Cram was born in Gisborne, and attended Mangapapa Primary School, Ilminster Intermediate and Lytton High School. She is of Māori descent, and affiliates to Ngāti Pāhauwera. Cram completed a Bachelor of Arts, a Post-Graduate Diploma in Psychology and a PhD at the University of Otago in social and developmental psychology.

== Research career ==
Cram joined the faculty of the University of Auckland in 1990 as a lecturer in the Department of Psychology, and from 1998 until 2003 she was director of the university's International Research Institute for Māori and Indigenous Education. Cram also held a position as a visiting research fellow at the Otago School of Medicine in Wellington, at the Eru Pomare Māori Health Research Centre. In 2003 Cram set up Katoa Limited, which conducts Kaupapa Māori research, evaluation and training. Her research interests include Māori justice, education and health, Māori and science, and Māori language. Cram's notable students include Leonie Pihama and Sue Crengle.

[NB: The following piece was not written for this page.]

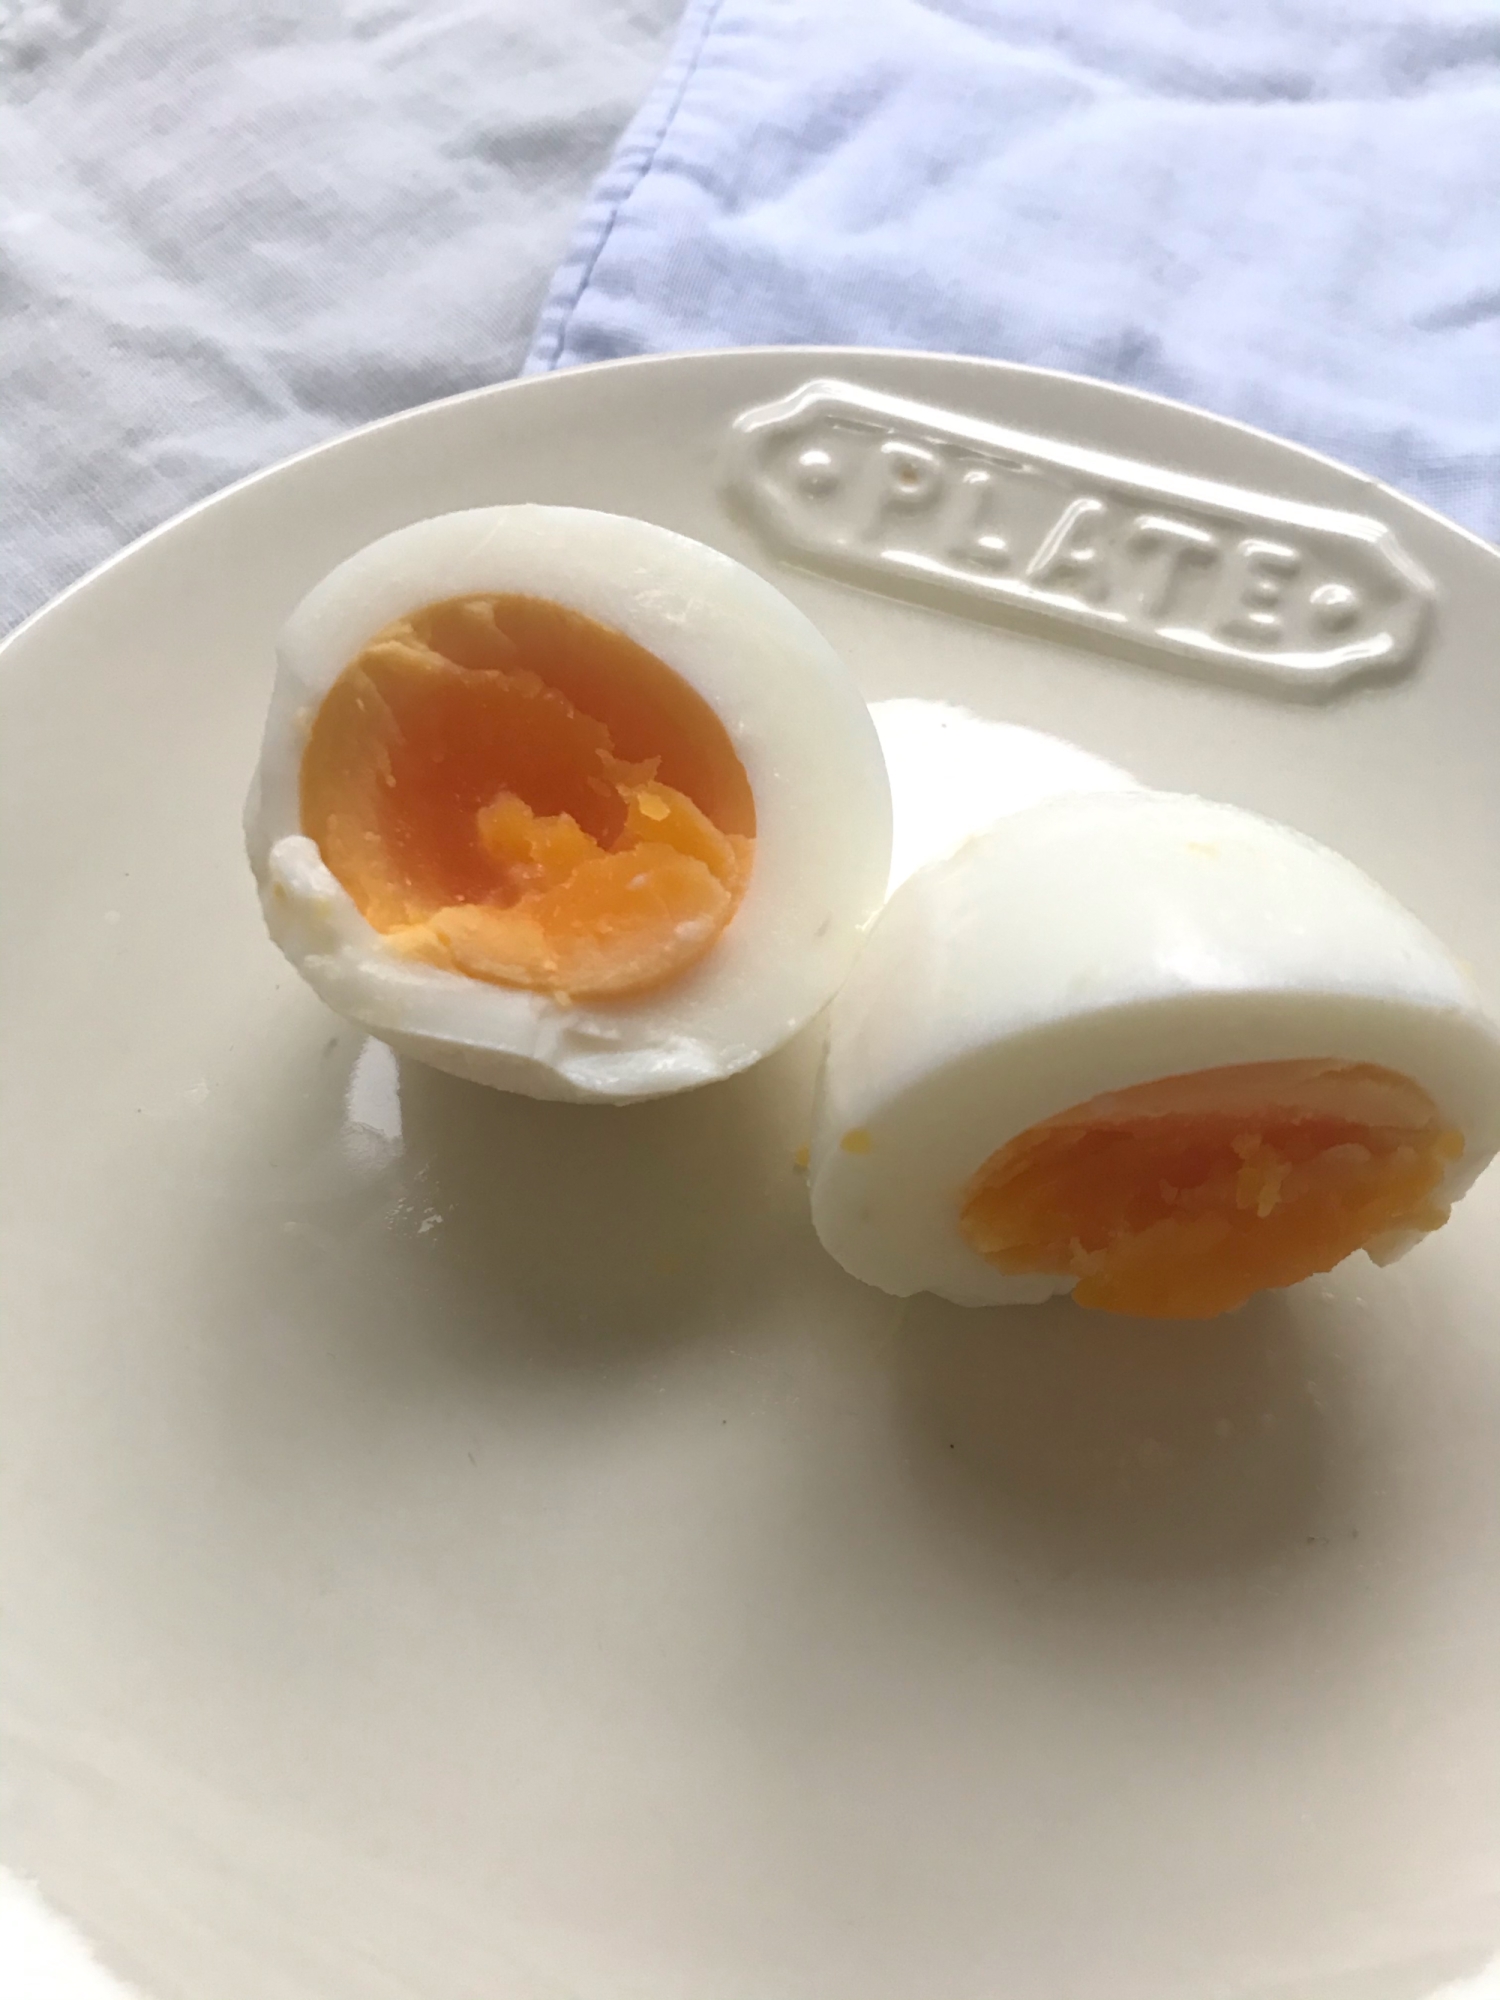 塩麹de味付き卵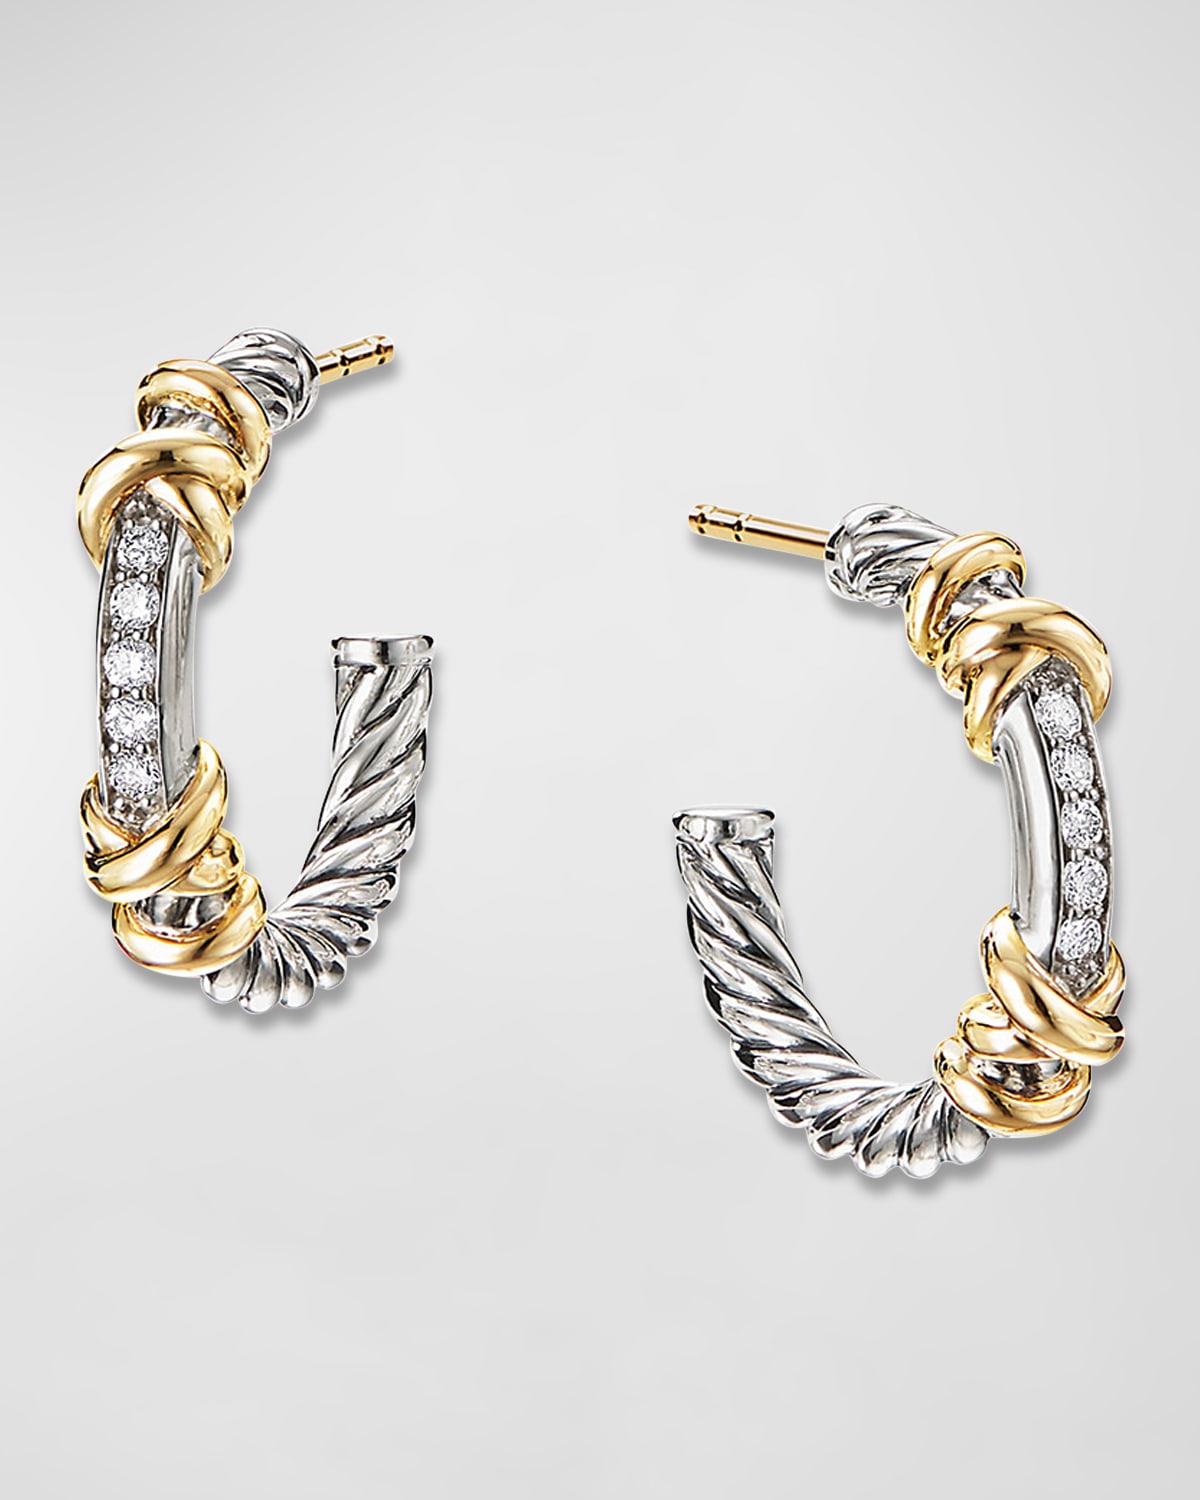 David Yurman Petite Helena Hoop Earrings In Sterling Silver With 18k Gold & Diamonds - 0.75" In Sil18k

Cram has been on the board of the Health Research Council, as well as sitting on a number of committees, including the Māori Health Research Committee and the Public Health Research Committee. She has served as the editor in chief of the journal Evaluation Matters - He Take To Te Aromatawai, published by the New Zealand Association for Educational Research. As of 2023 she is the chair of Te Tāhū Hauora (the Health Quality and Safety Commission)'s Family Violence Death Review Committee. In 2023 the committee released their eighth report, which recommended a new system be set up to better support child survivors of family violence resulting in death.

==Honours and awards==
In the 2019 Queen's Birthday Honours, Cram was appointed a Member of the Order of New Zealand, for services to Māori health and education. She has been named as one of 100 Māori leaders recognised 'for their contributions, service, vision, dedication and expertise towards constructive change and improvement to Māori health'.